Contemporary interpersonal organization puts me in a difficult position: I hate myself, and yet I want to associate primarily with people who are like me. We all want to expand our social circles, if for no other reason than to increase our access to donor kidneys, but you can’t go around with just anyone. Most people are assholes, and going to a party or joining some community organization is like reaching into a bag containing one licorice whip and 23 garter snakes. Sure, you keep putting things in your mouth, but you also keep wishing you hadn’t.* And yet the occasional gem leads us to persist, even though most people are compatible like a goldfish and a hairbrush. But there’s an upside: you usually find out pretty quick. This week’s link roundup features indicators of compatibility from the subtle to the overt to the viscerally repulsive. It’s a glimpse of the stage machinery behind getting along, or at least a reminder of how bafflingly unrelatable so many people are. It’s Friday, the weekend is upon us, and the world is full of strangers eager to make and then alienate our acquaintance. Welcome, new friends, and hello strangely familiar assholes.

First of all, if you are not reading the Ok Cupid blog, you should start doing so immediately. Stop reading this one if that’s what it takes to make time for articles like this statistical breakdown of correlations between the answers to questions it’s okay to ask on a first date and information you really want to know. For example, the answer to “Would you consider having sex with someone on the first date?” correlates to “Do you like the taste of beer?” more strongly than any other single question. Good predictors of long-term compatibility, on the other hand, include “Do you like horror movies?” and “Have you ever traveled around another country alone?” Thirty-two percent of successful couples who met via Ok Cupid agree on both of those, which makes for over three times the rate of normal coincidence. Also, writing proficiency correlates extremely well with religious commitment—inversely.

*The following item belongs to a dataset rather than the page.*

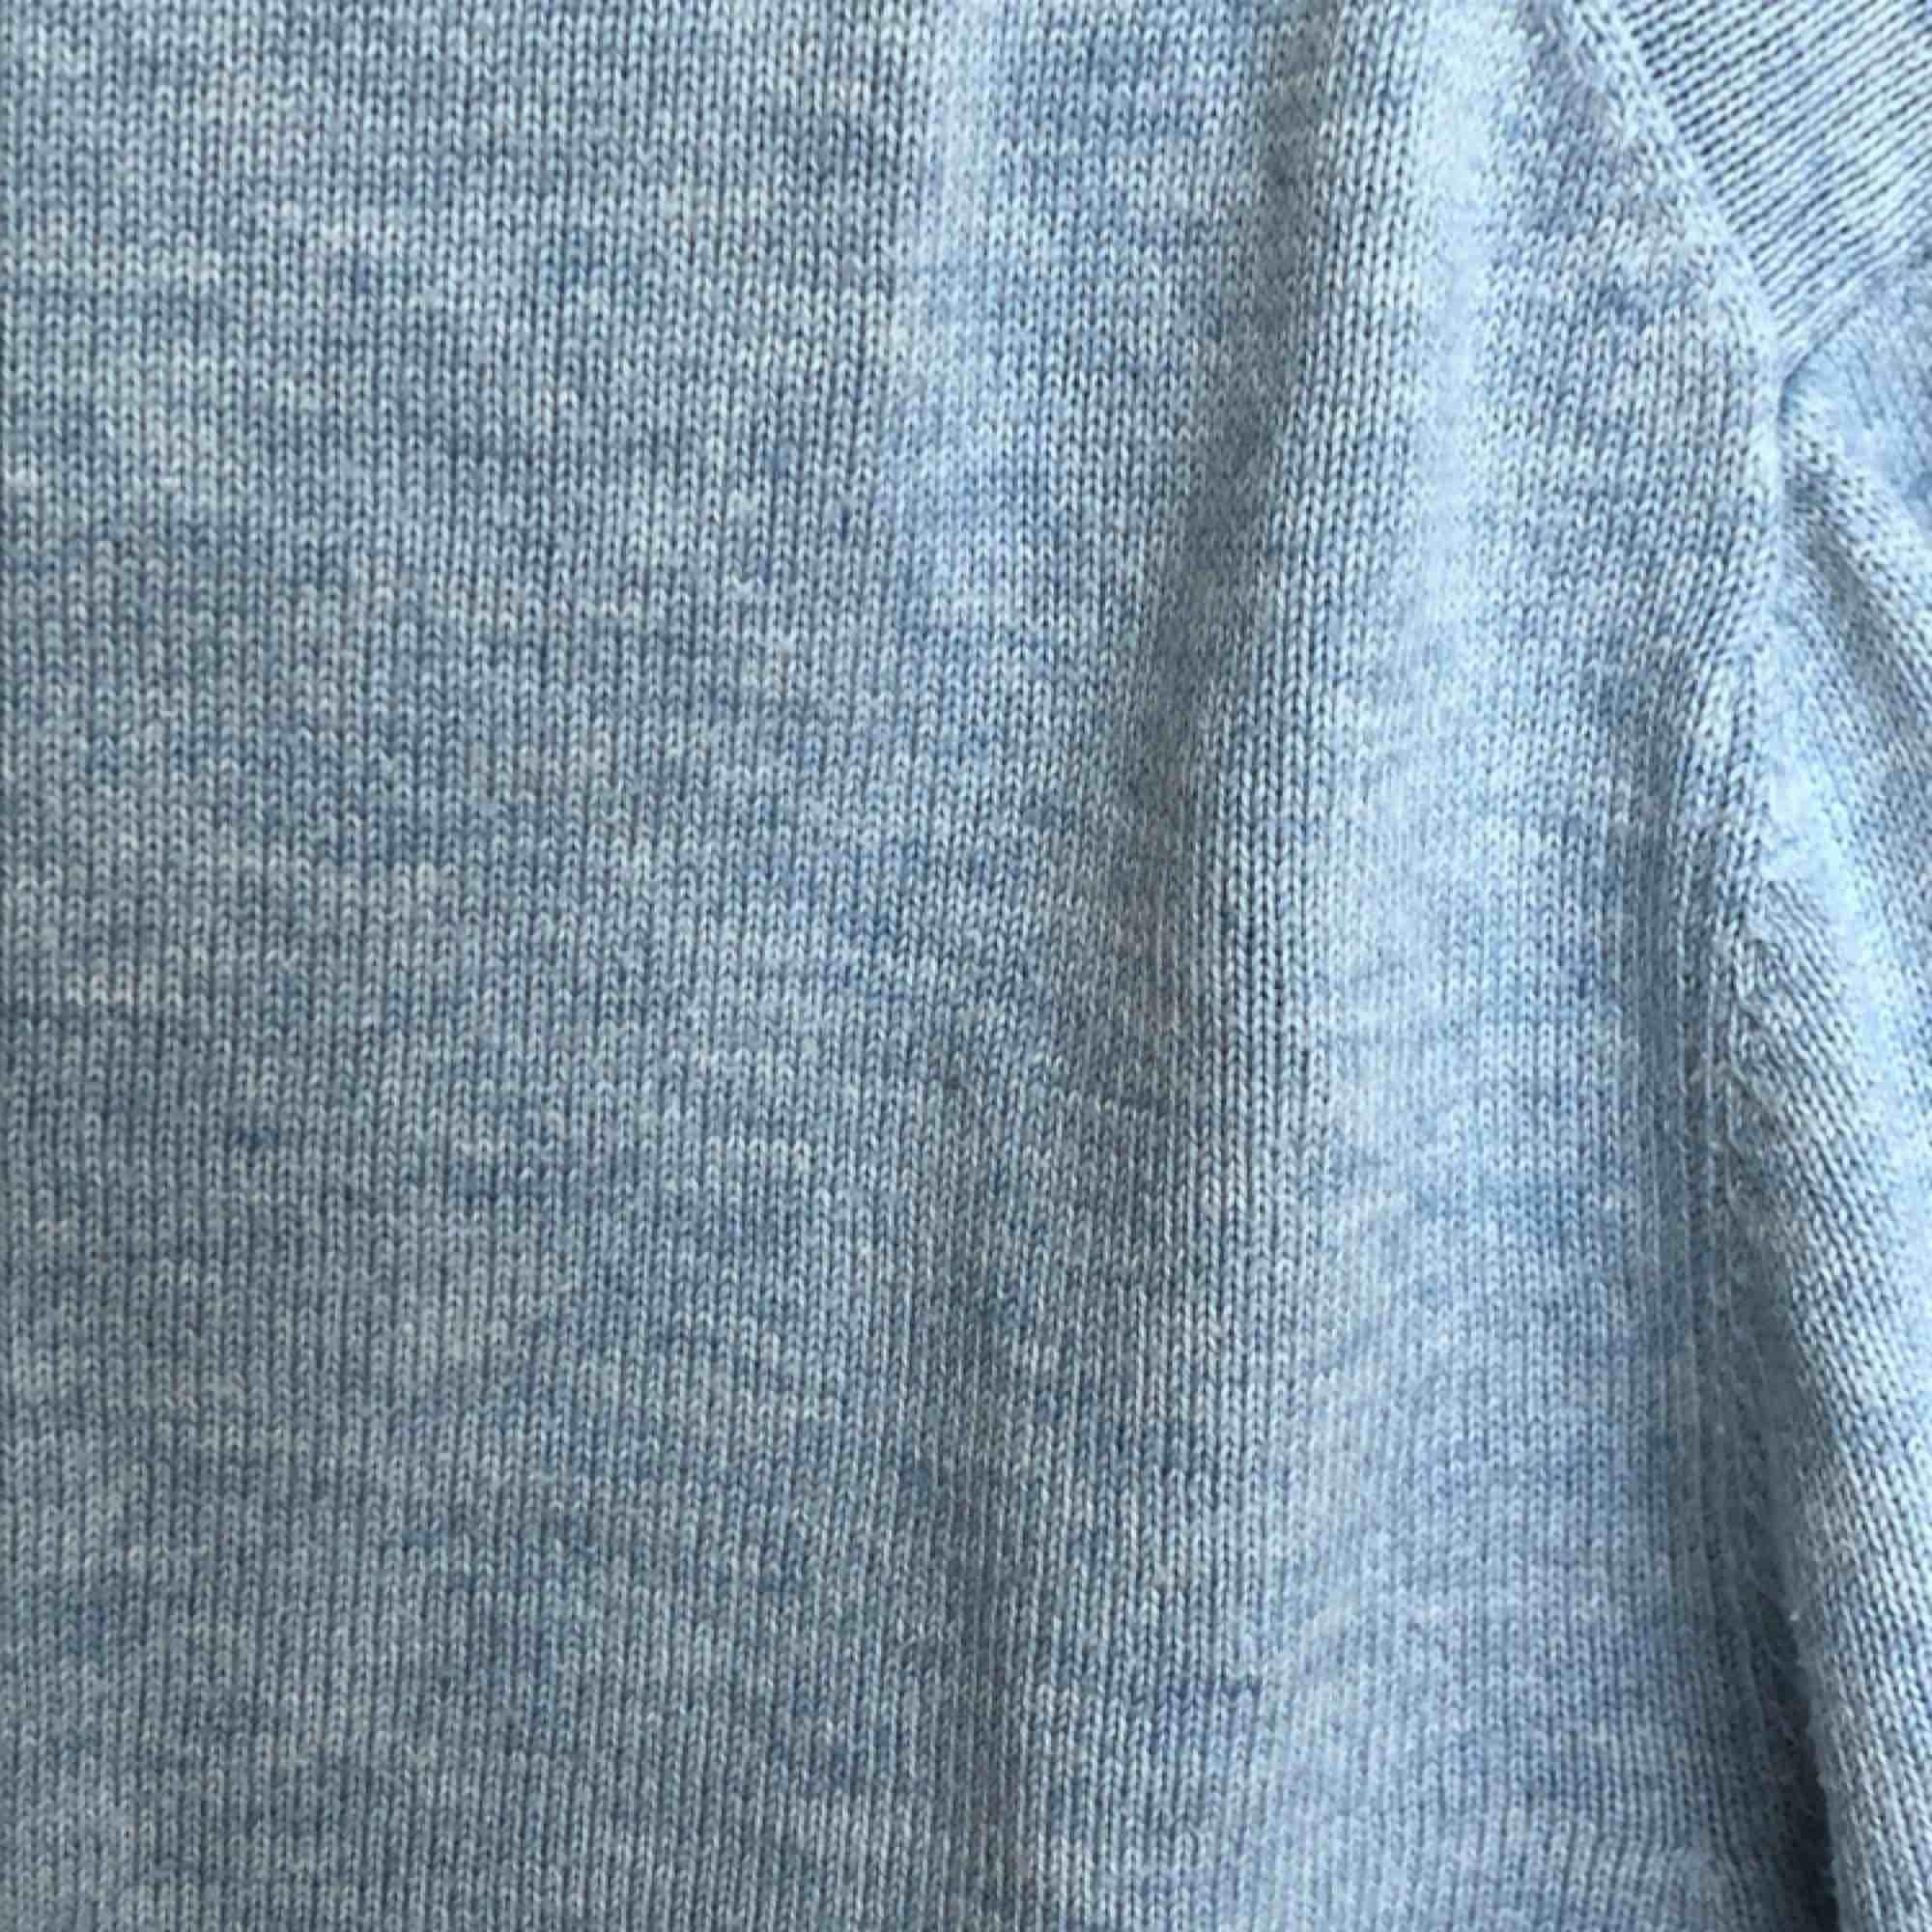 Ett mycket fint plagg i storlek M! Plagget är inköpt secondhand men använts därefter mindre än fem ggr.  Mycket fin färg som inte riktigt kommer ut på första bilden (sen andra och tredje). Tunn och behaglig!. Tröjor & Koftor.

Go ahead—add “of course” to that last sentence. It’s your willingness to indulge in such generalized prejudices that makes you compatible with the Sons of Confederate Veterans in Mississippi, who have proposed a license plate commemorating  Civil War general and early Ku Klux Klan leader Nathan Bedford Forrest. The reaction from state NAACP president Derrick Johnson, who was apparently not aware of the plates until he was contacted by reporters, is priceless. “Seriously?” Johnson said. “Wow.” Although Forrest personally led the massacre of black Union troops at Fort Pillow in 1864, his defenders argue that the former Grand Wizard was not fundamentally a genocidal bigot, because he left the Klan before he died. They are not racists at all, either; they just want to raise money for the annual SCV restoration of historic Confederate flags. That’s how committed they still are to, um, state’s rights.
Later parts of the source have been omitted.